Here here. Timeout is totally unsafe, and causes timeout errors to be injected "randomly" into your code--including in the middle of net/* calls, etc., which they sometimes don't know how to handle! It's disgusting! Unfortunately I can't think of easy ways around it.

The main problem is that within the ensure block it could be interrupted, I believe. And there is nothing in Ruby that allows for this not to happen.

I wonder if you could wrap the .kill calls within a mutex and maybe Thread.critical=true [which never realy works in MRI, anyway[ to avoid its problems.

Daniel Parker said...

Let me correct one statement: raise and kill are not ALWAYS bad. They come in very useful sometimes. For whatever (usually bad) reasons, you NEED them to get out of locked situations and kill a thread. Just like we people sometimes get stuck in a mindset and need someone else to come along and turn our heads to certain other truths we couldn't see from where we were; a single thread CAN get stuck. Usually the reasons are certain things beyond our control, and sometimes they actually have to do with somebody else using a bad timeout(.rb) library. ;)

But in all reality we need raise and kill. In situations where they are needed, I use Thread.raise, and just make sure I have the error rescued in the receiving thread, to cleanup whatever is needed.
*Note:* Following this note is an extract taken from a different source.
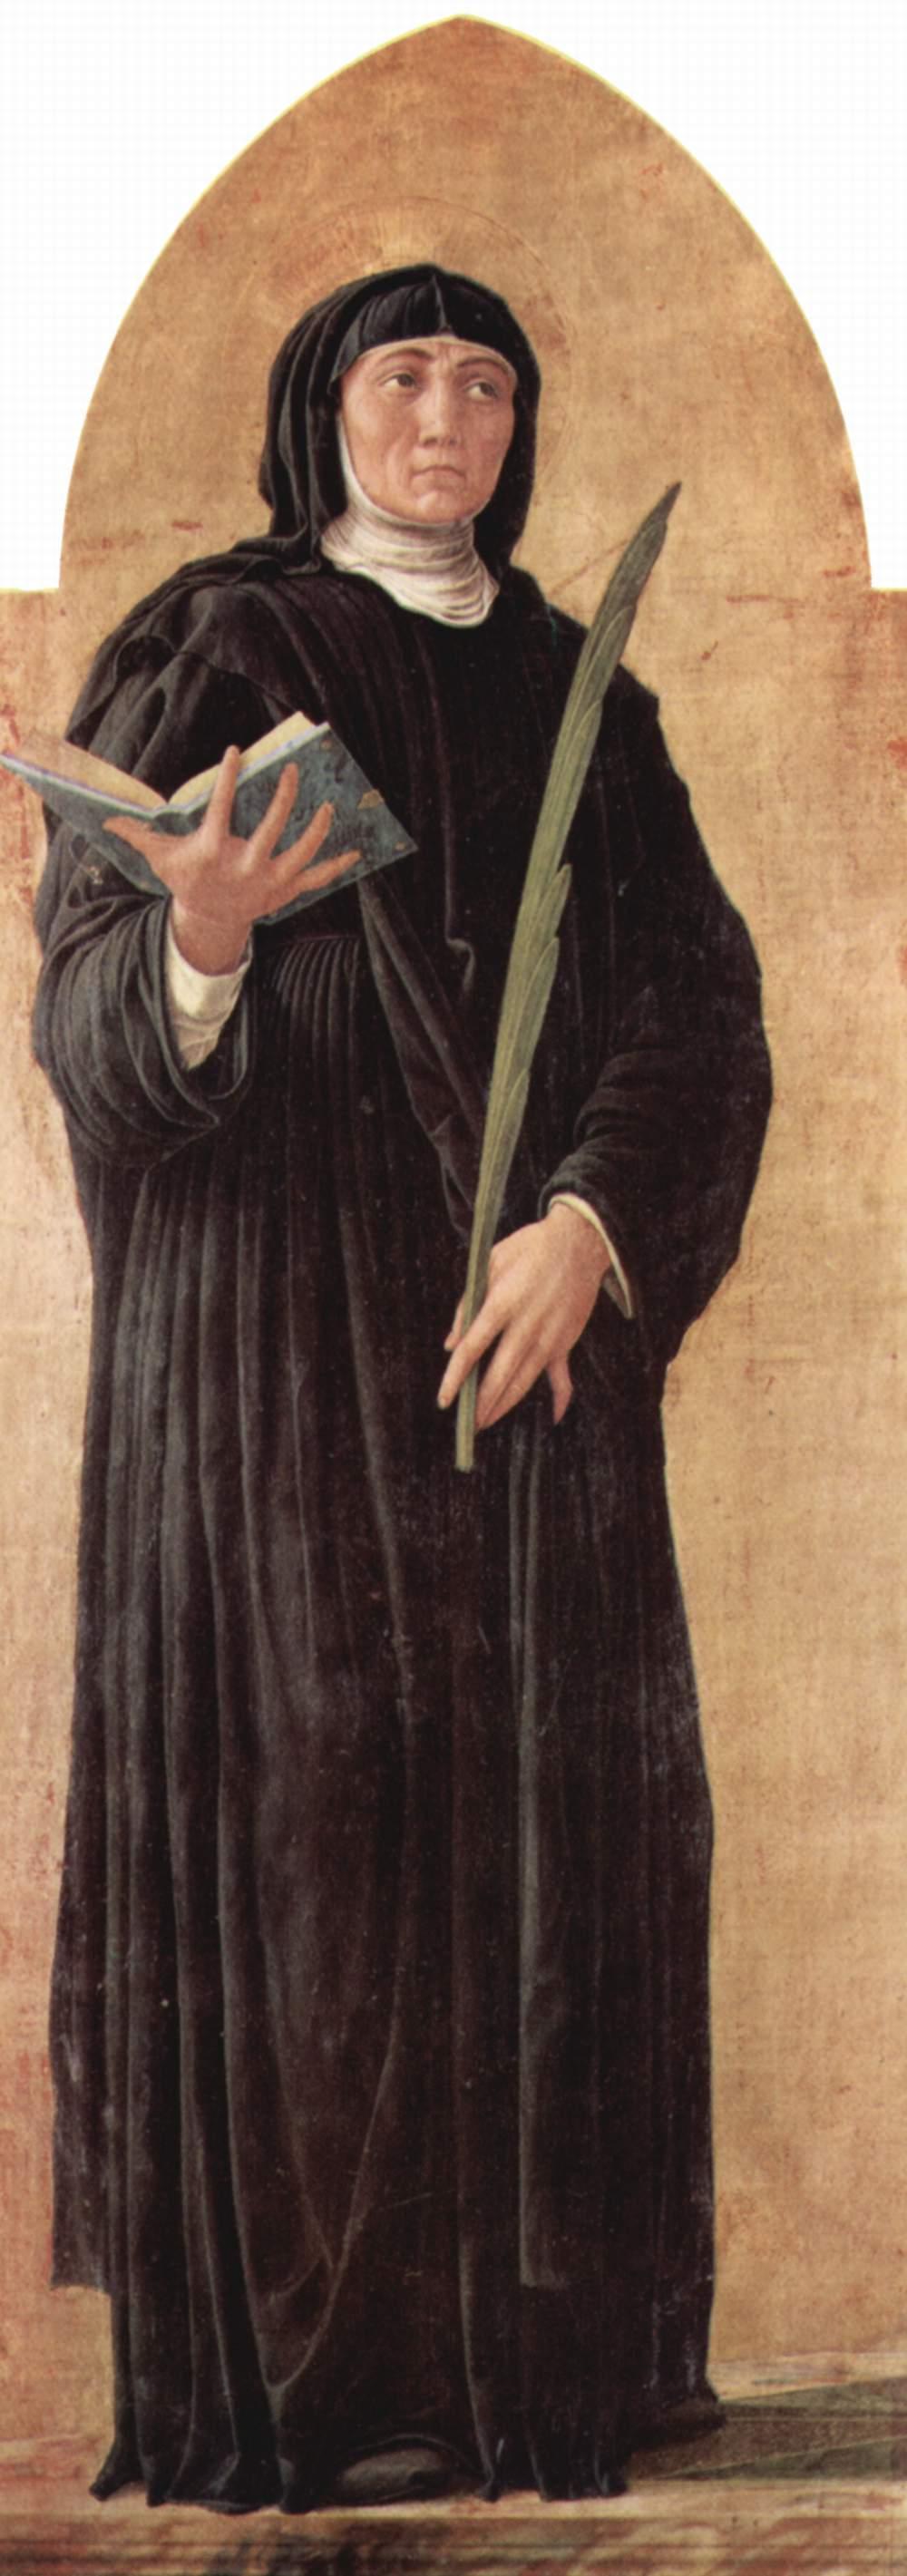 Andrea Mantegna, Die hl. Scholastika, 1453/1454, Pinacoteca di Brera, Mailand

And of course you'd NEVER use raise or kill to stop something that should not be stopped.

raise is a normal part of programming. It's just imperative to *know* that you must be *very* careful that you have a safe environment for it before you use it, and only use it if you *have* to. It's the improper use that's dangerous - but not any more dangerous than using bad logic or math can be when working with financial data.

Unknown said...

Would the SystemTimer native gem help here?

http://ph7spot.com/articles/system_timer

Brian Armstrong said...

Simon, I was thinking the same thing. Just came across System Timer and hoping this solves the issue!

Can anyone else comment on whether this solved it for them?

Charles Oliver Nutter said...

No timeout library can solve this problem unless they are able to guarantee they'll never fire within any ensure blocks. I don't think System Timer can make this guarantee any more than timeout.rb.